Word for word, copy the listing below and leave out its images.

[[ Supplied information, beginning ]]

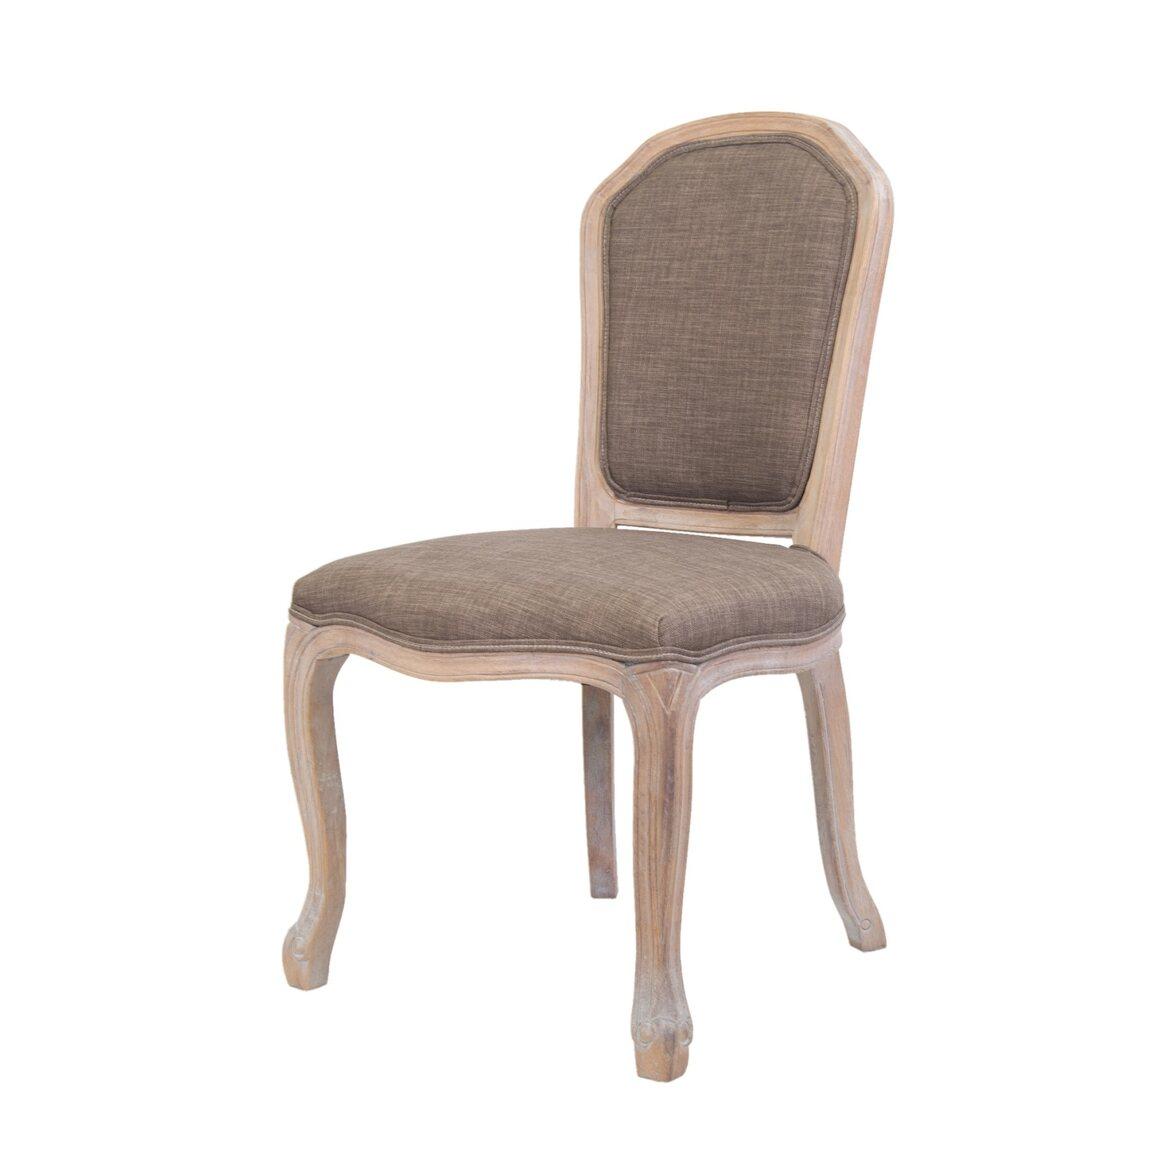 Стул Granes brown 4   Обеденные стулья Kingsby
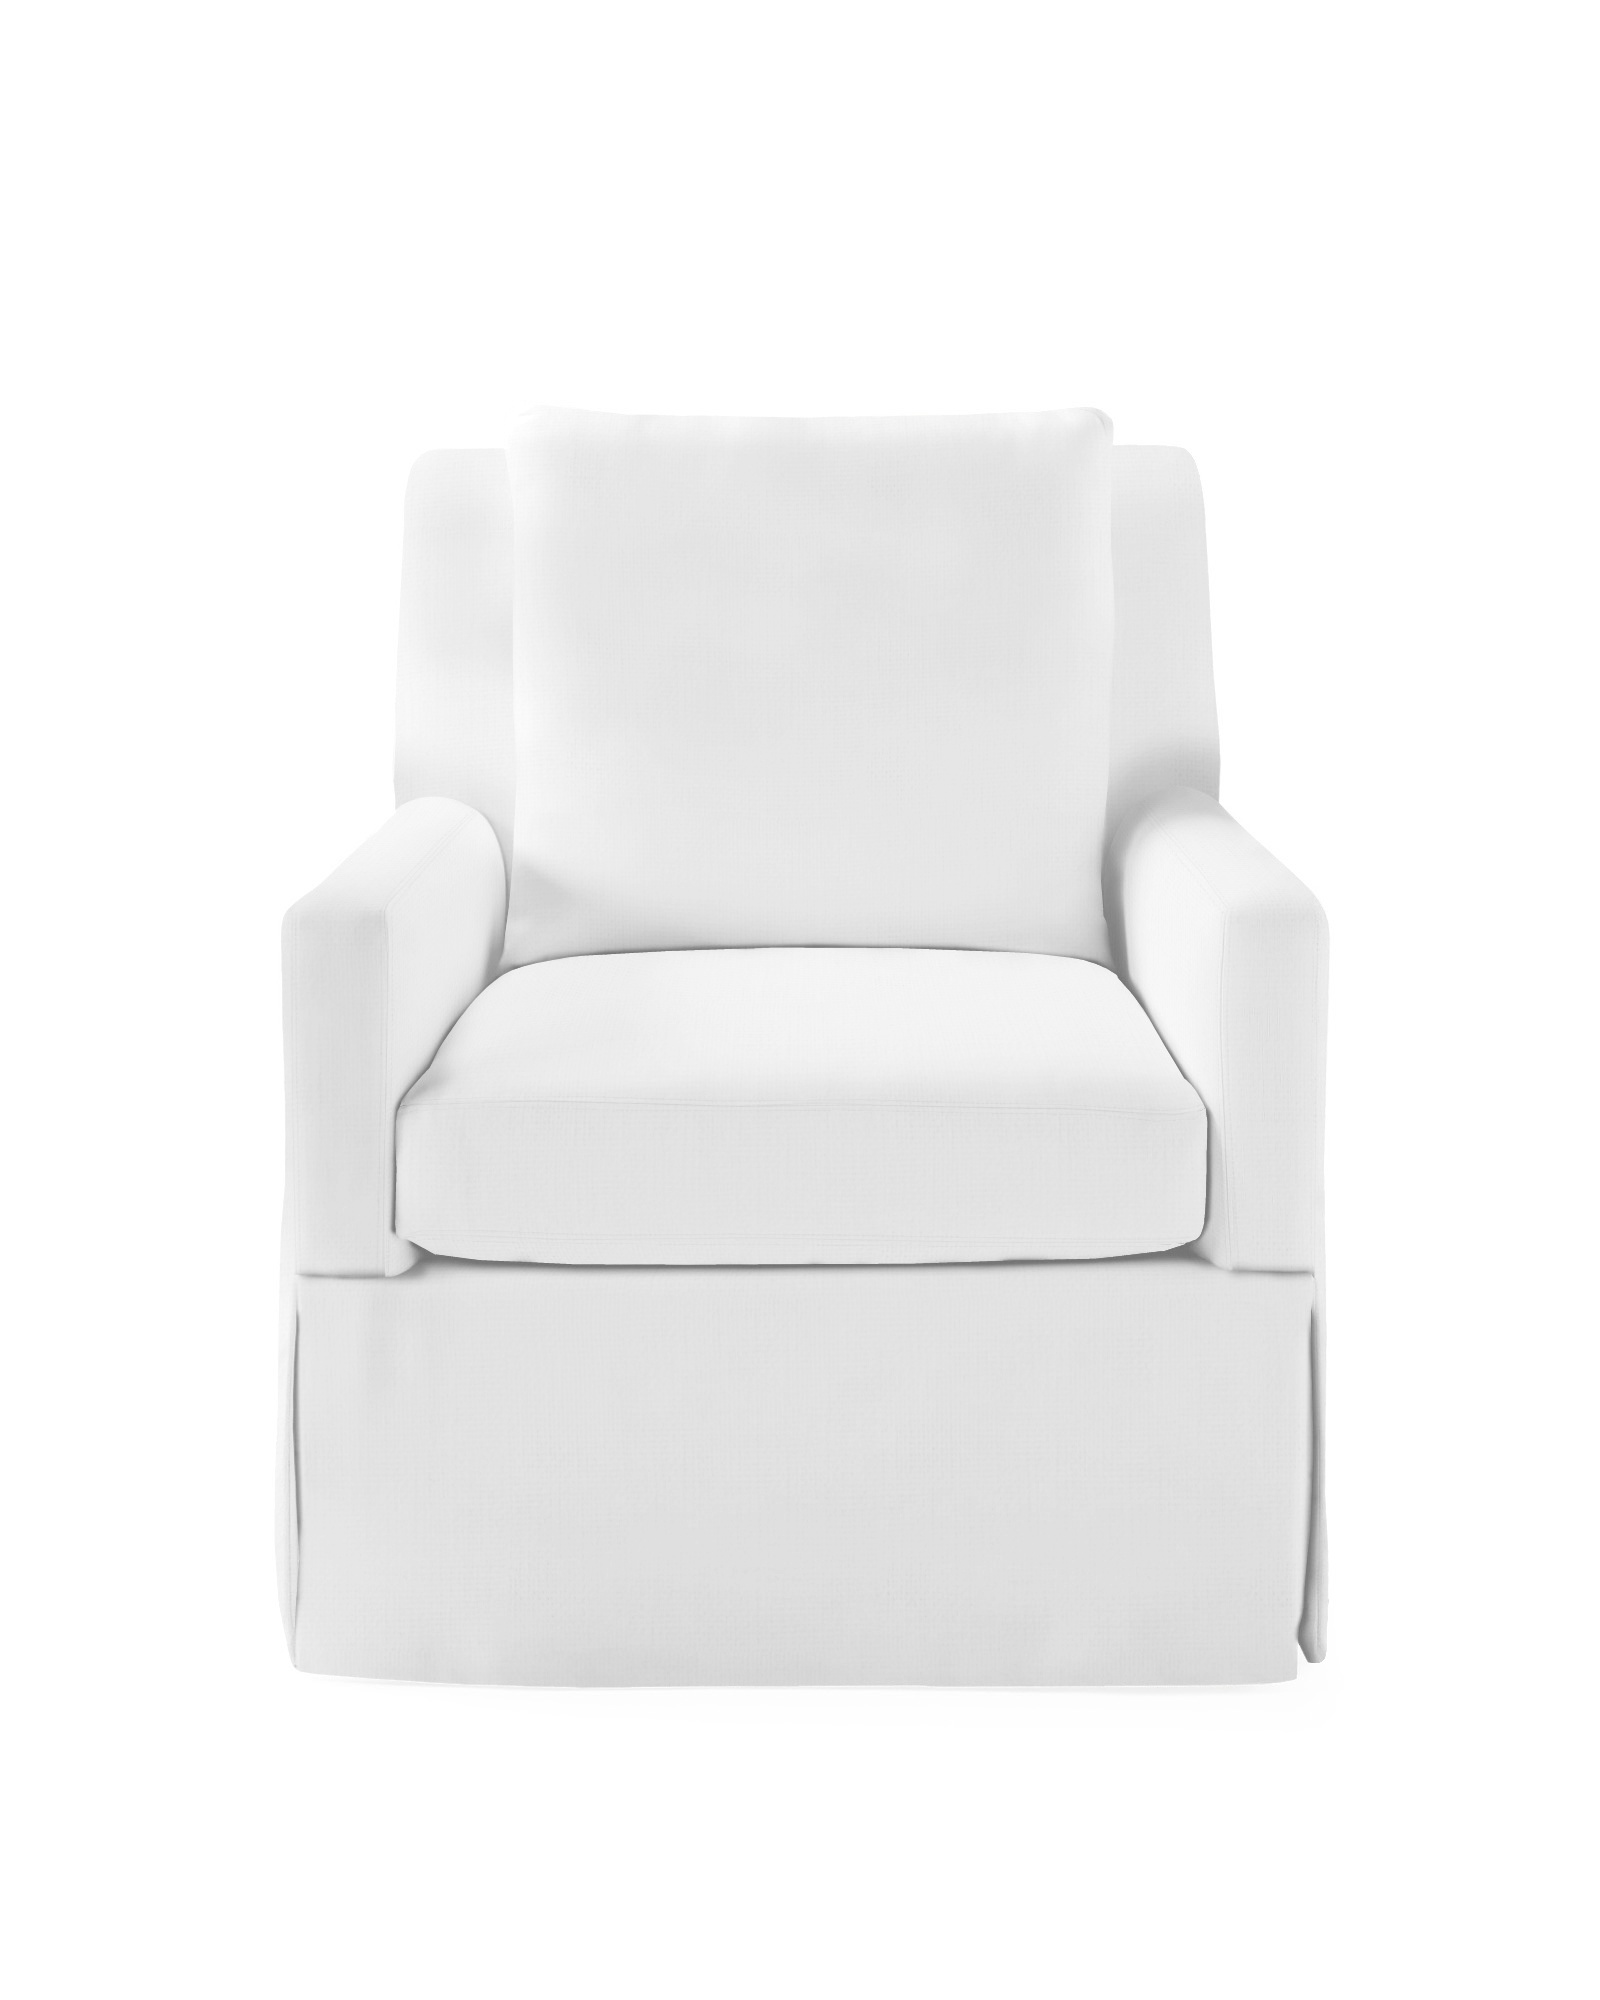 Jamieson Swivel Chair - Slipcovered
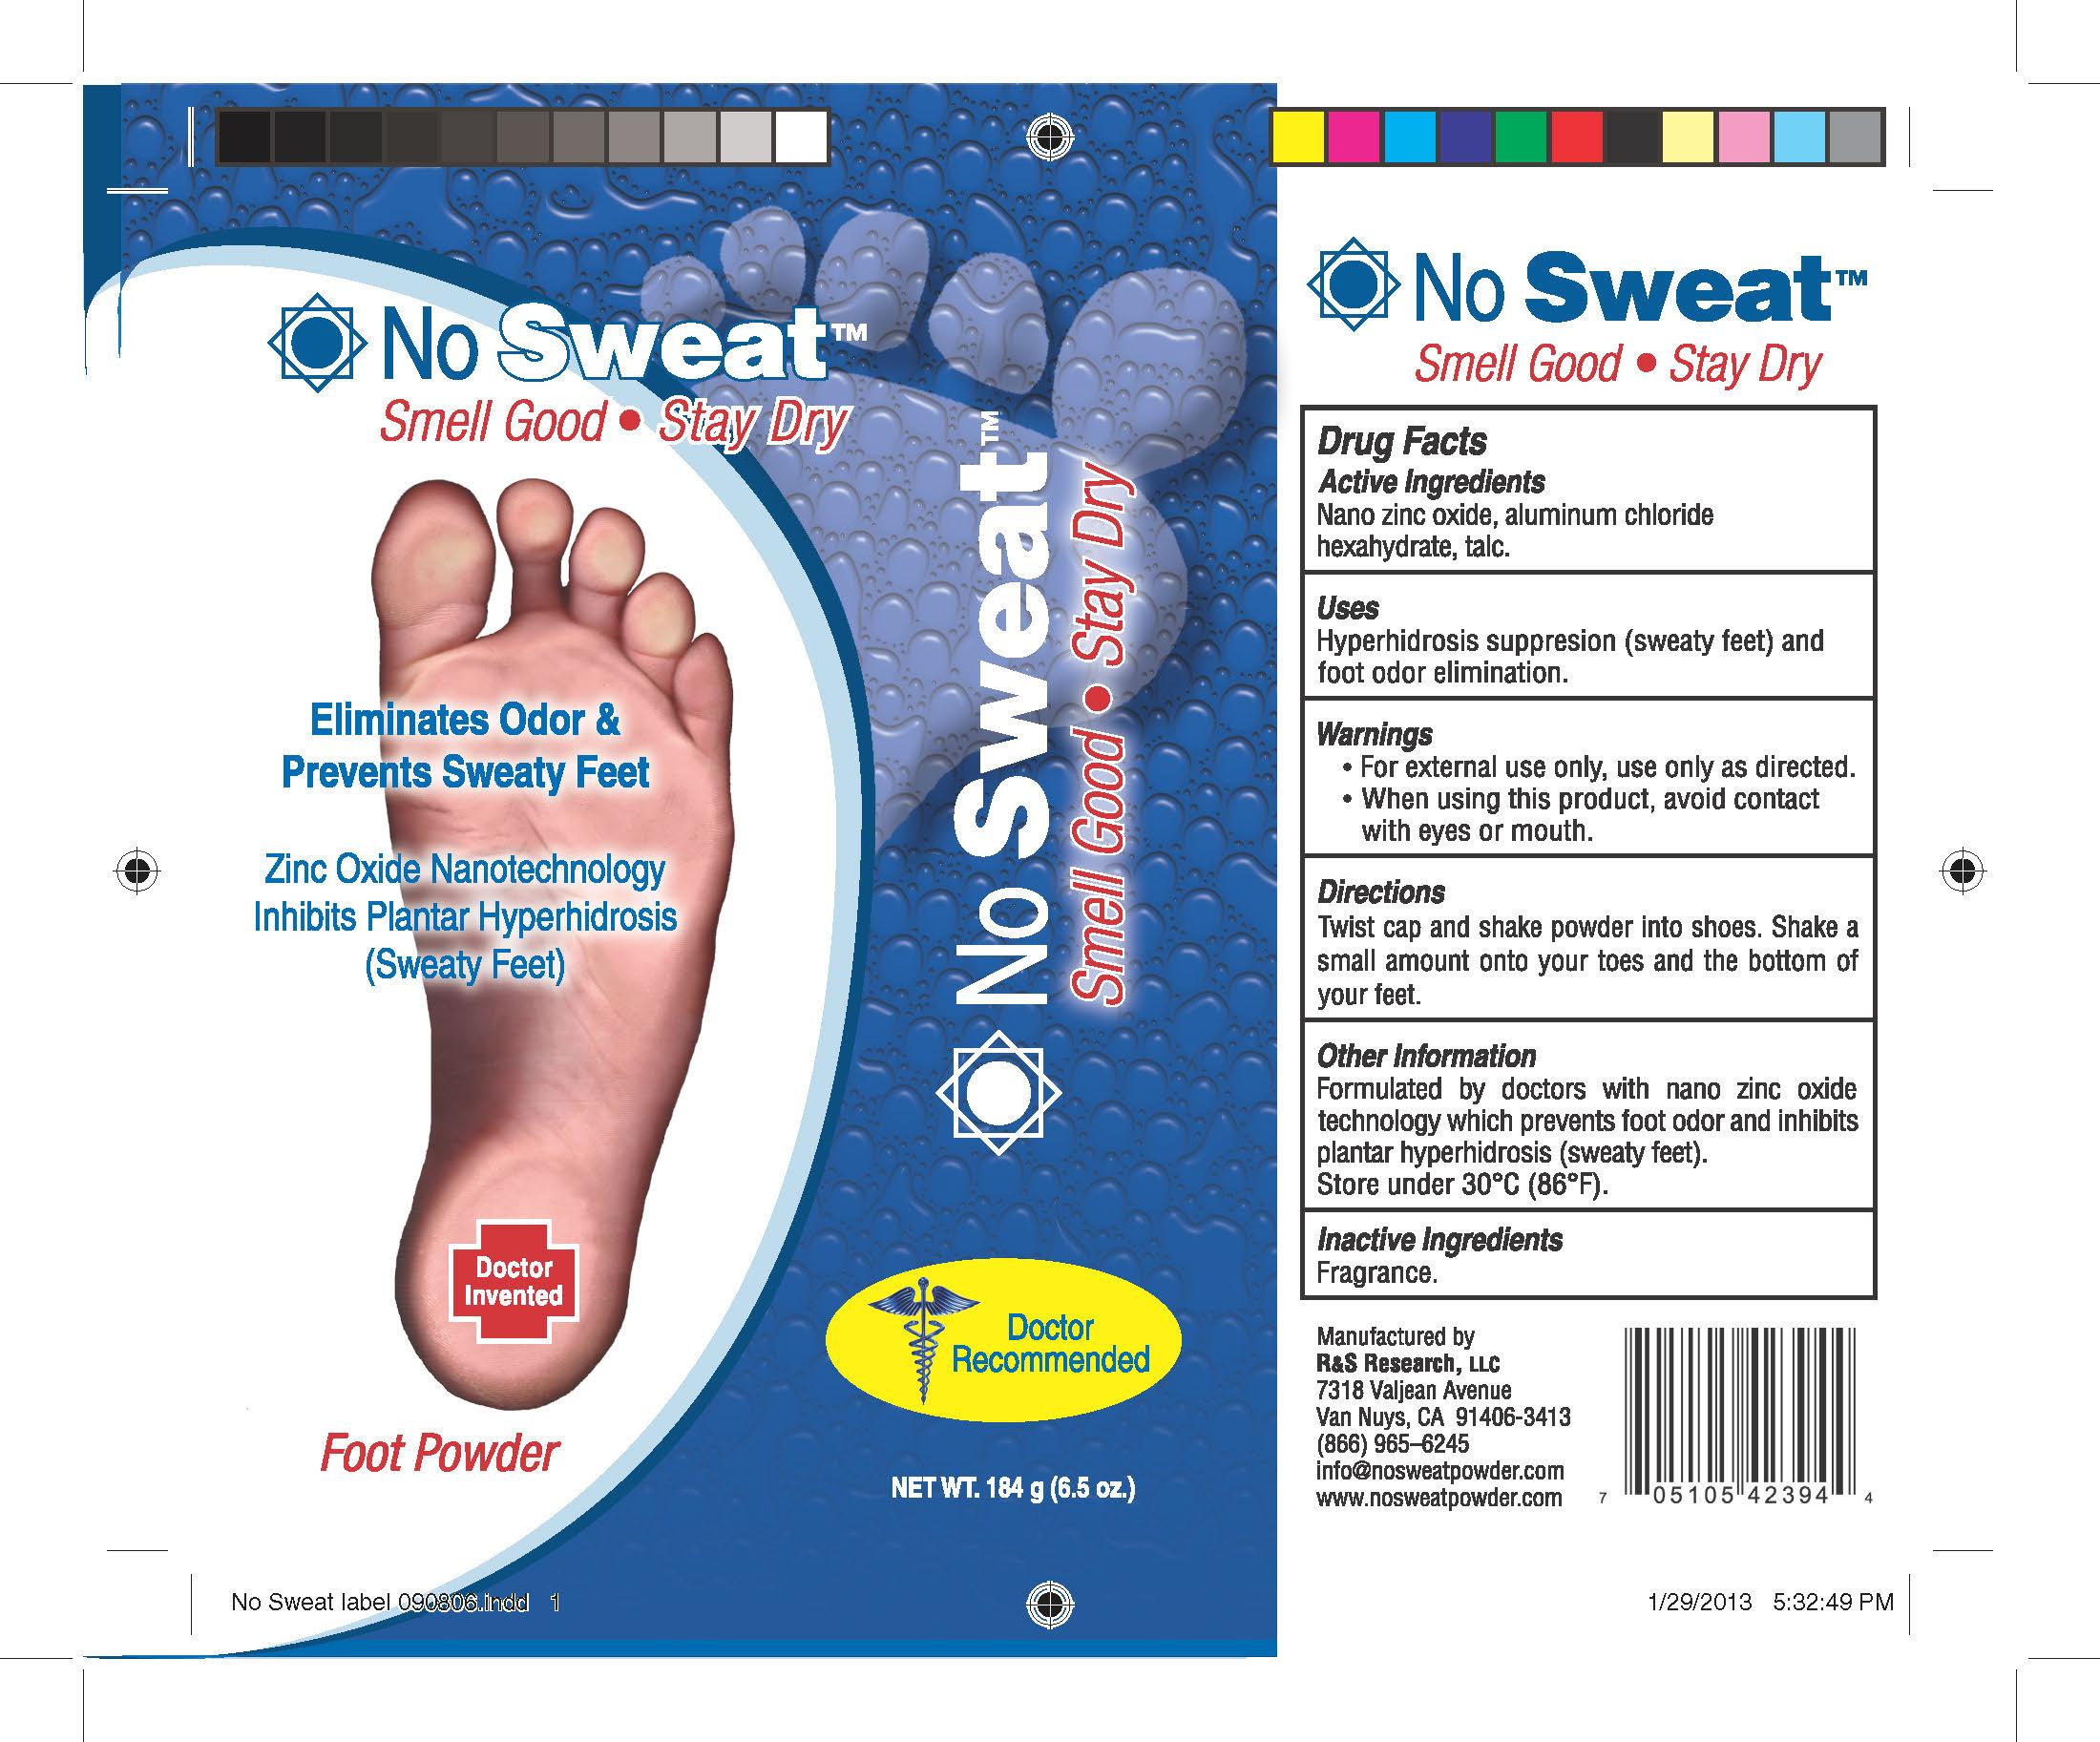 No Sweat Label

[[ Supplied information, end ]]

Result for this exercise
 Стул Granes brown 4   Обеденные стулья Kingsby
 Jamieson Swivel Chair - Slipcovered
 No Sweat Label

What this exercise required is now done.